Après une heure et demi de route, arrivée à Bué, à 1400 m d'altitude, pour une randonnée qui allait durer 10 heures pour seulement 1 150 m de dénivelé pourtant...
Départ (photo de gauche) et montagne qu'il faut franchir pour accéder au col (photo de droite).
Le passage vers le vallon n'est pas évident de loin (photo de gauche) ni de près (photo de droite).
Luc en pleine montée de cette première partie :
Finalement, arrivés en haut de la première côte, on découvre le passage dans la falaise. Avant de passer dans l'autre Vallon, on se retourne pour voir la Vallée de Bué et une magnifique marmotte.
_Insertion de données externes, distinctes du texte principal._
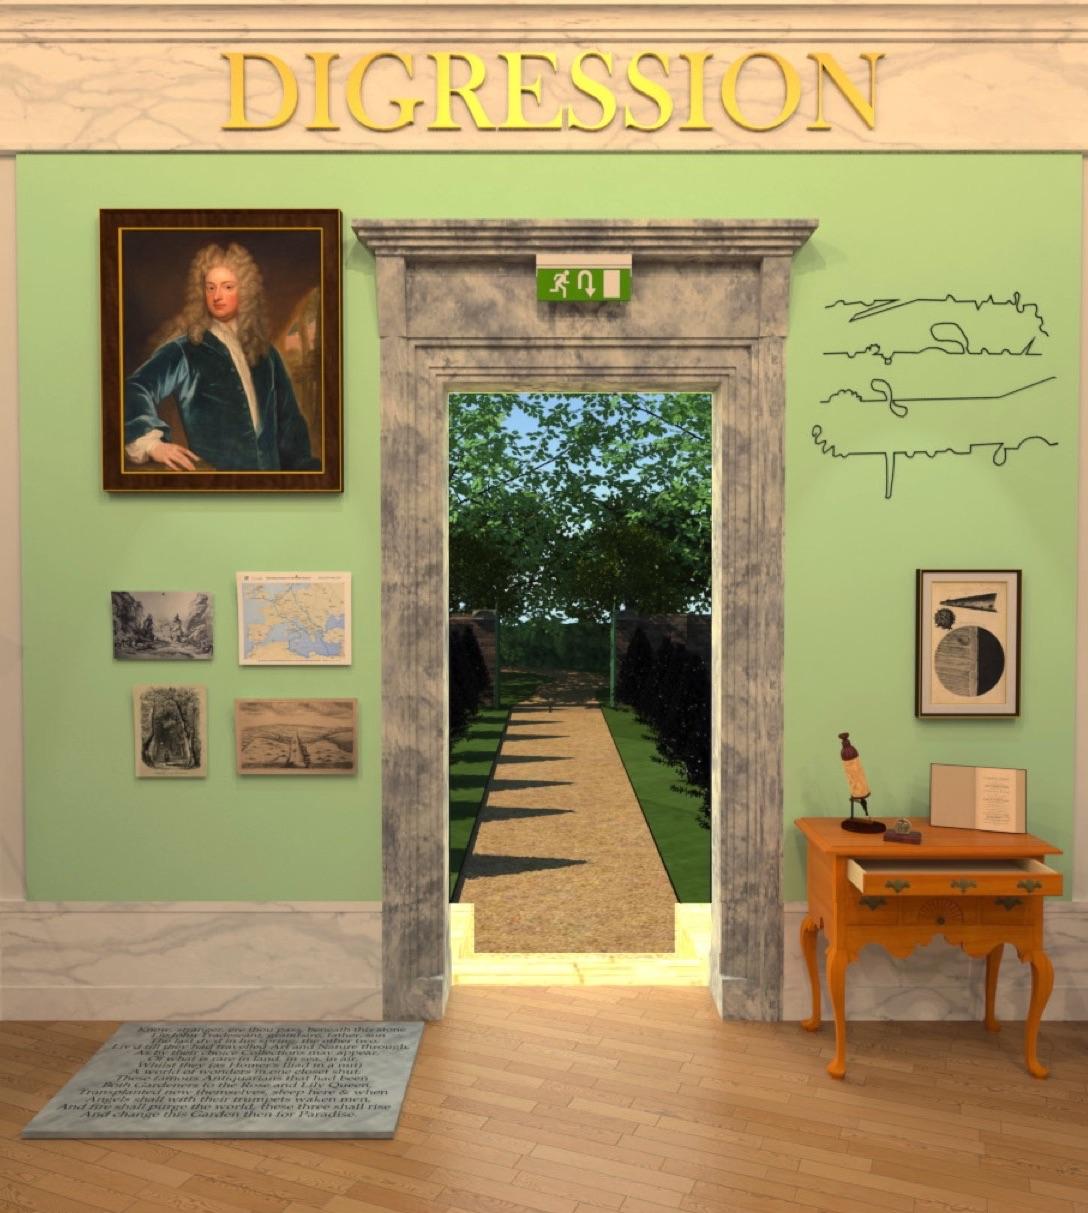 Digression.jpg

Passé le premier col, la neige fait son apparition, vers 1900 m.
Après le passage mi-neige, mi rochers en question, on arrive dans le Vallon du col de l'Oule. On longe alors un torrent puis un ruisseau mais la pente est forte et il faut surveiller les coulées de neige... au cas où !
Déjà 1 litre et demi d'eau consommée. Luc fait donc le plein au Lac de Cestrède.
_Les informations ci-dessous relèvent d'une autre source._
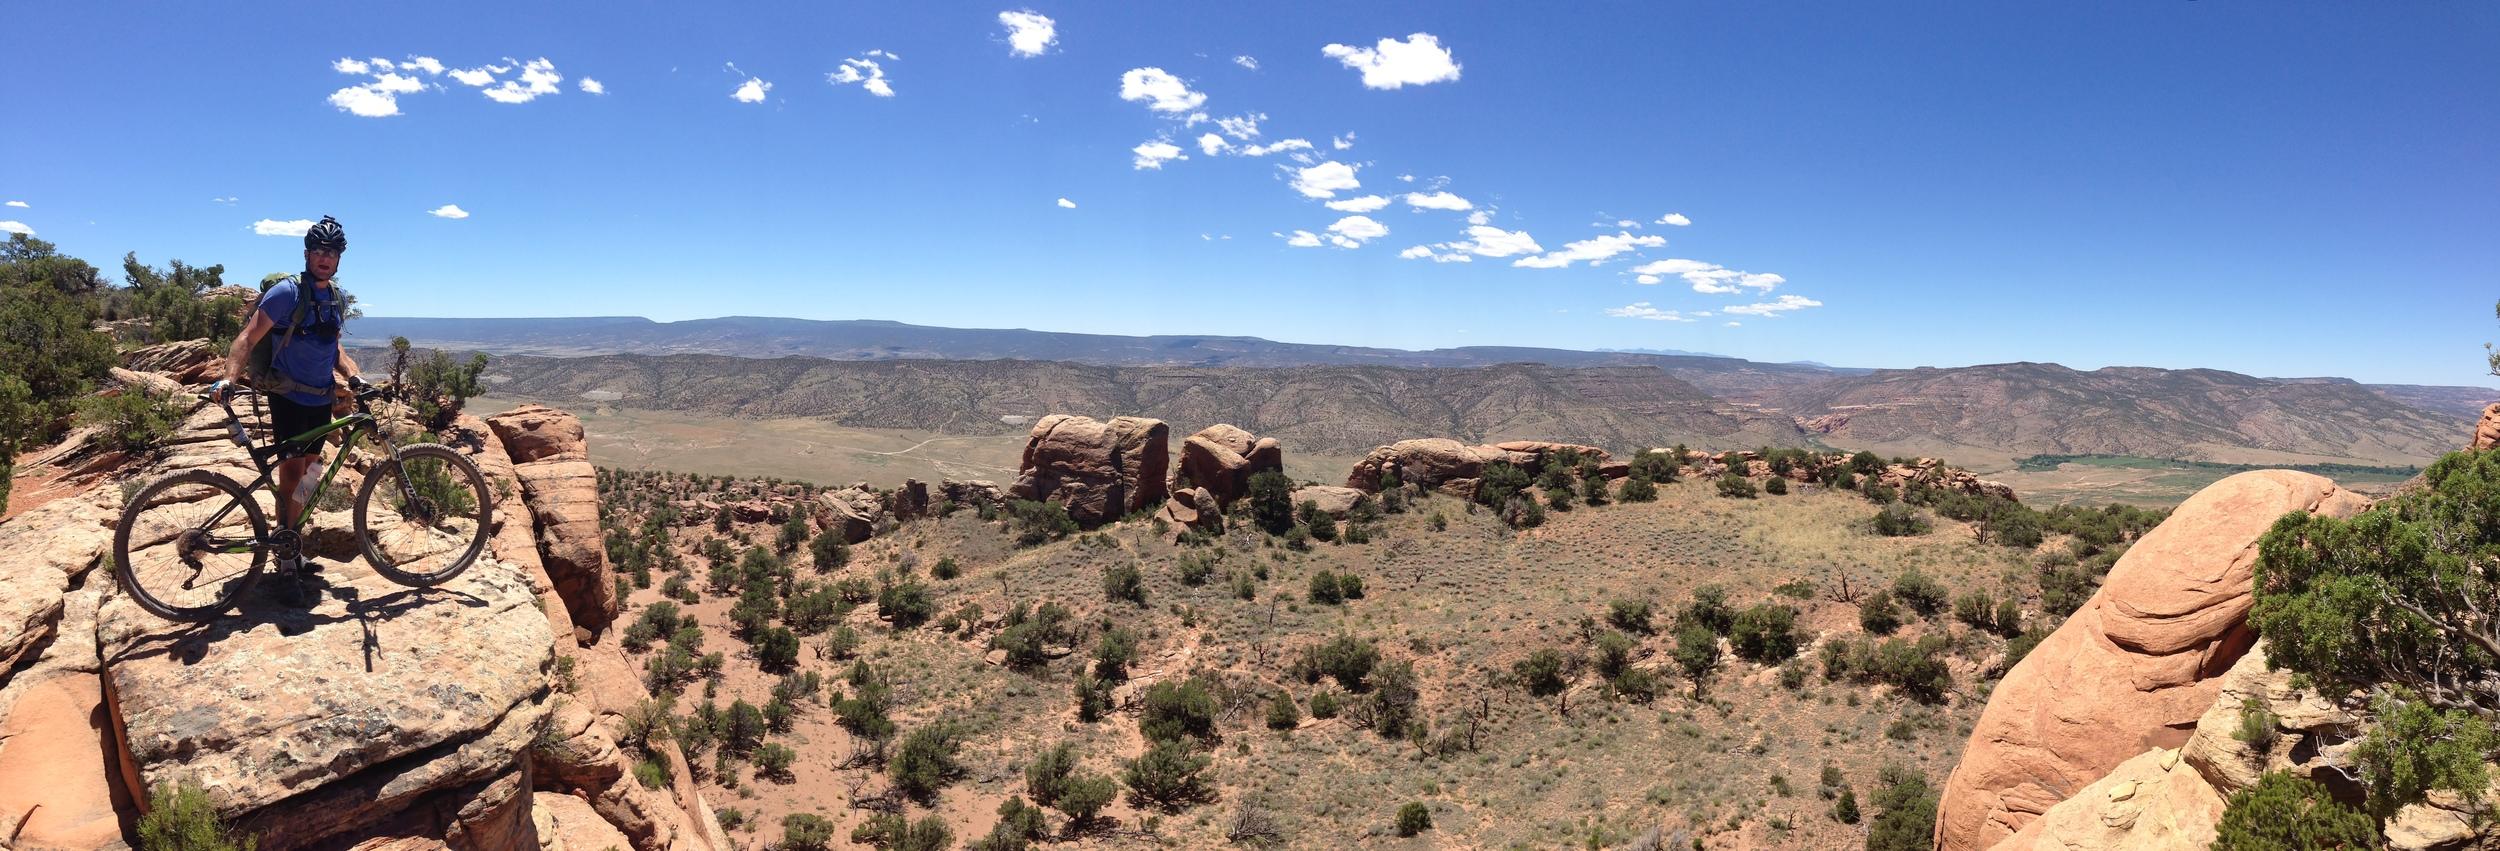 dry valley views

Le Vallon était très long, la neige déjà molle (On est arrivé dans le vallon vers 11h). Après encore quelques heures on est enfin arrivés au pied du col de l'Oule et ses 2556m.
Cependant, arrivés au pied du col de l'Oule nous voyons plusieurs avalanches se déclencher et la montée du col est très raide sur les 100 derniers mètres.
Sur la droite (en dehors de la photo) on voit le Malh Arrouy à 2 965 m.
Le spectacle est magnifique mais l'inquiétude nous guette. Certes nous avons les ARVA (Appareil de Recherche des Victimes d'Avalanches). Nous les avons testés un peu plus bas. J'ai une pelle dans mon sac... mais la montée dans le Col est la seule qui n'a pas eu d'avalanches.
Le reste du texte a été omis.